NSORN: Designing a Benchmark Dataset for Neurosymbolic Ontology Reasoning with Noise

Previous Version:

NSORN: Designing a Benchmark Dataset for Neurosymbolic Ontology Reasoning with Noise

Tags:

Reviewed

Decision:
Minor Revision

Solicited Reviews:

Review #1 submitted on 18/Jan/2026

By Anonymous User
Review Details

Reviewer has chosen to be Anonymous

Overall Impression: Good

Content:
Technical Quality of the paper: Good
Originality of the paper: Yes, but limited
Adequacy of the bibliography: Yes

Presentation:
Adequacy of the abstract: Yes
Introduction: background and motivation: Good
Organization of the paper: Satisfactory
Level of English: Satisfactory
Overall presentation: Good

Detailed Comments:

The authors propose NSORN (Neurosymbolic Ontology Reasoning with Noise), a framework designed to address the current lack of standardized benchmarks and evaluation metrics for assessing the robustness of neurosymbolic ontology reasoning systems. To mitigate this gap, the authors developed three specific mechanisms for introducing noise into the ABox of an ontology: logical noise derived from axiom violations, random corruption of triples, and statistical noise generated through Graph Neural Networks.

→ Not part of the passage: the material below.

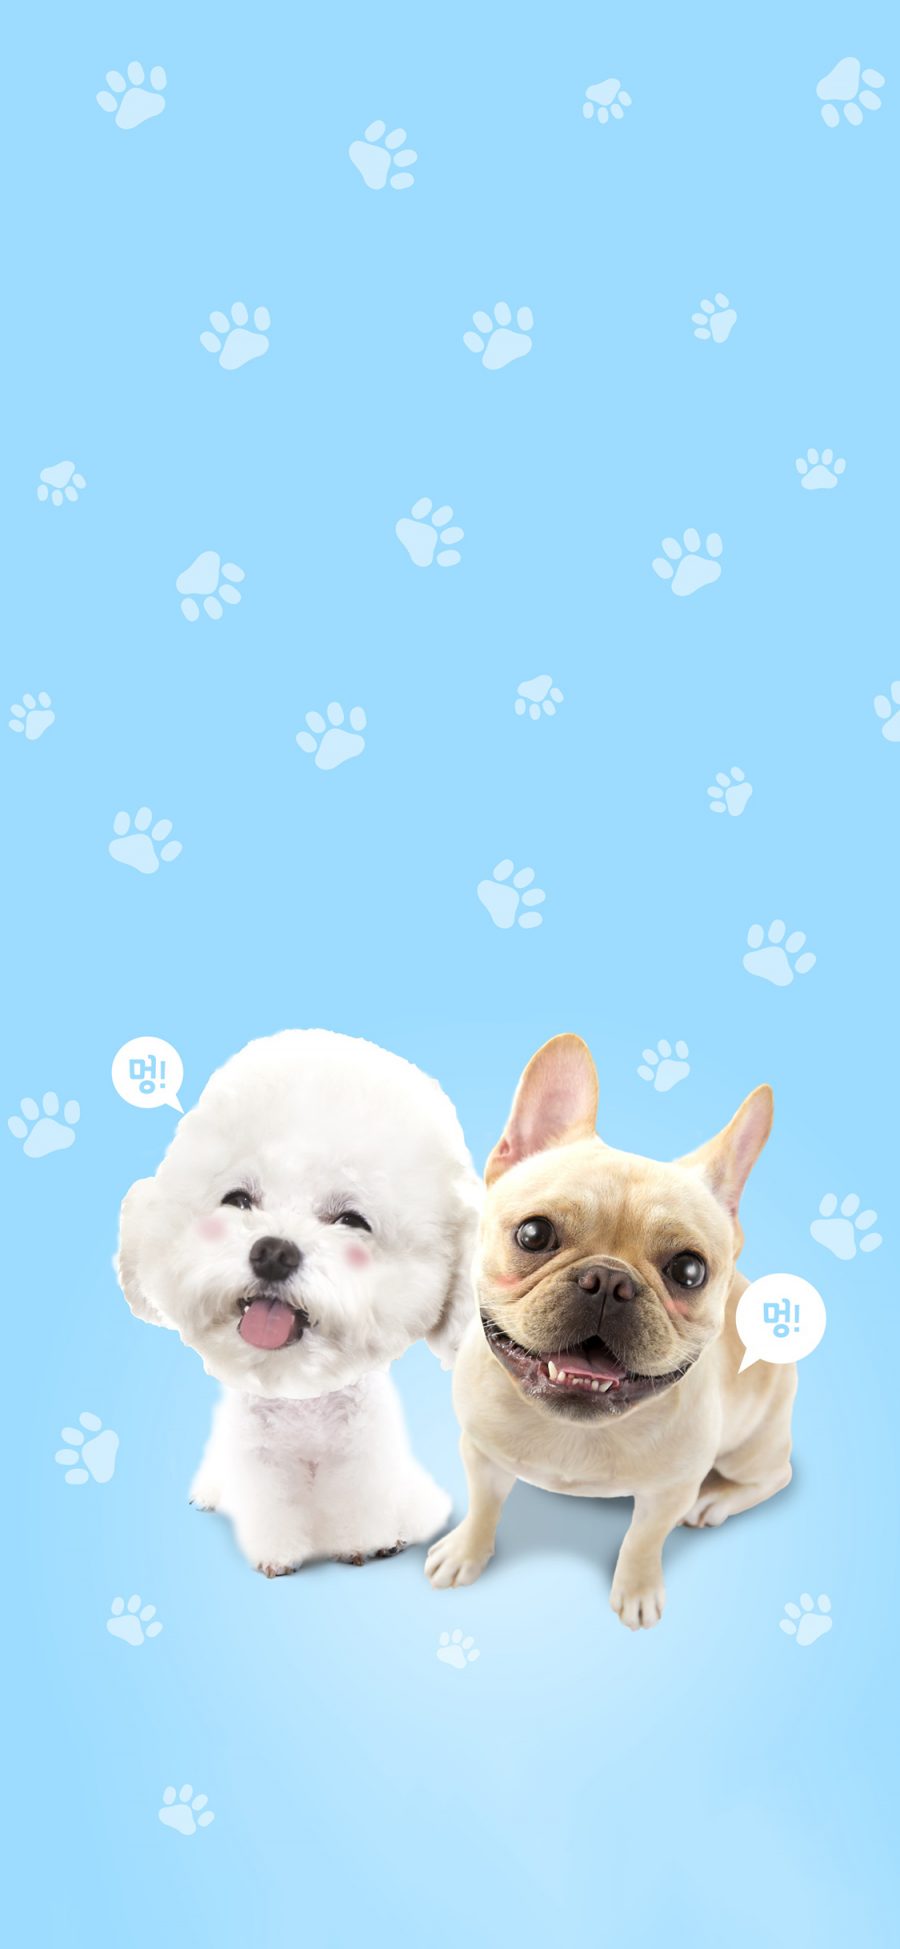 [2436×1125]宠物狗 比熊 斗牛犬 可爱 苹果手机壁纸图片

In their study, the authors evaluated the performance of state-of-the-art neurosymbolic reasoners, specifically Box2EL and OWL2Vec*, alongside the purely neural R-GCN model across the Pizza, Family, and OWL2Bench ontologies. The research focused on class membership and object property assertion tasks under varying noise intensities. The results demonstrate that R-GCN consistently exhibits greater resilience to ontological noise—most notably logical noise—maintaining stable performance levels, whereas embedding-based neurosymbolic models suffer significant degradation in accuracy.

Overall, I feel that the paper is significantly more improved from its first version and the authors seem to have taken many of the reviewwr comments into account. I don't have further revisions to suggest.

Review #2 submitted on 02/Feb/2026

By Anonymous User
Review Details

Reviewer has chosen to be Anonymous

Overall Impression: Average

Content:
Technical Quality of the paper: Average
Originality of the paper: Yes
Adequacy of the bibliography: Yes, but see detailed comments

Detailed Comments:

The authors have made a genuine effort to address the concerns raised in the previous review. In particular, they extended the evaluation by adding a third ontology (Pizza) and a purely neural baseline based on Graph Neural Networks, which partially addresses the earlier concern regarding the narrow experimental scope limited to two ontologies and two neurosymbolic approaches. They also corrected the data-splitting strategy by including inferred knowledge during training, which improves the soundness of the experimental setup and strengthens the validity of the reported results.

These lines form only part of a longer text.